Loved the Witcher trilogy when CDRP could release a sequel every 4 years.

It's so fucking insane to even think about the old Naughty Dog

UC1 - 2007
UC2 - 2009
UC3 - 2021
TLOU - 2013
UC4 - 2016
Lost Legacy - 2017

Now we have Druckmann and his favorite shaved head characters, we won't get a new game till maybe 2027.
 
I think around 4 years for major AAA titles is more reasonable.

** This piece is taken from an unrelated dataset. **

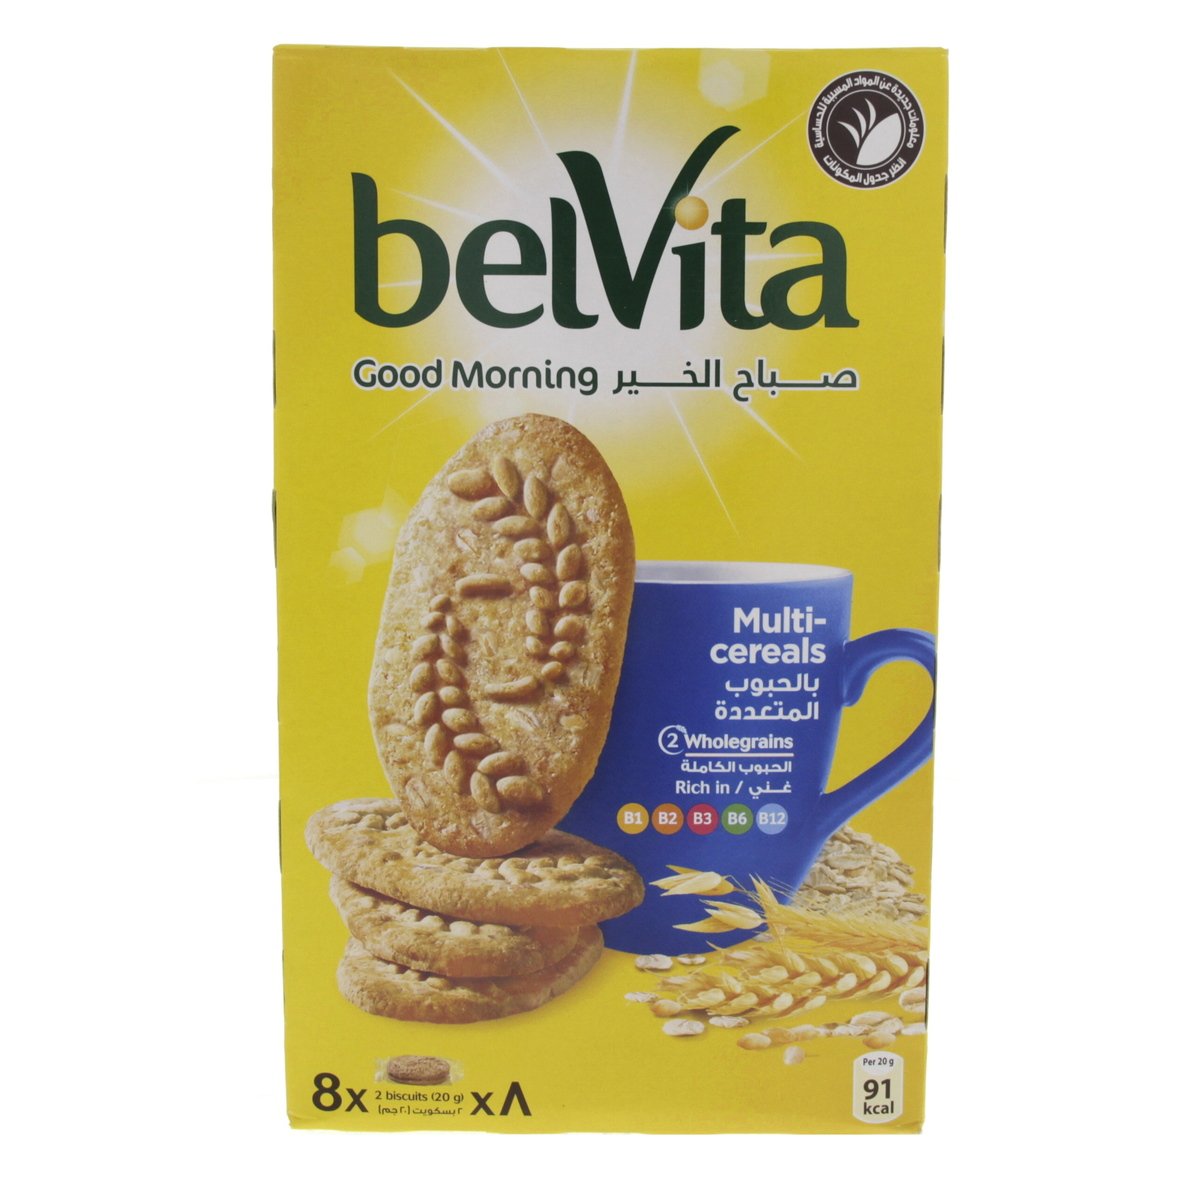 Belvita Good Morning Multi Cereals Biscuits 160g

Loved the Witcher trilogy when CDRP could release a sequel every 4 years.

It's so fucking insane to even think about the old Naughty Dog

UC1 - 2007
UC2 - 2009
UC3 - 2021
TLOU - 2013
UC4 - 2016
Lost Legacy - 2017

Now we have Druckmann and his favorite shaved head characters, we won't get a new game till maybe 2027.

Everytime we ask for more games they are gonna do another tlou remake.
 
Staff of between 1-20 people. Ideally the fewer the better.

Artstyle of late PS2 games with HD resolution. MGS2 is a prime example.

8-12 hr playtime. No endless live service, post-launch support shite. Just a fully realised game with a beginning and an end.

20 million dollars tops.
 
Think next gen games won't cost much to produce, when guys like EA tells investors they're going to significantly reduce dev costs, believe them.

Although, that said, that same method of using AI in development cost reduction could be added to big budgets to make even huger games!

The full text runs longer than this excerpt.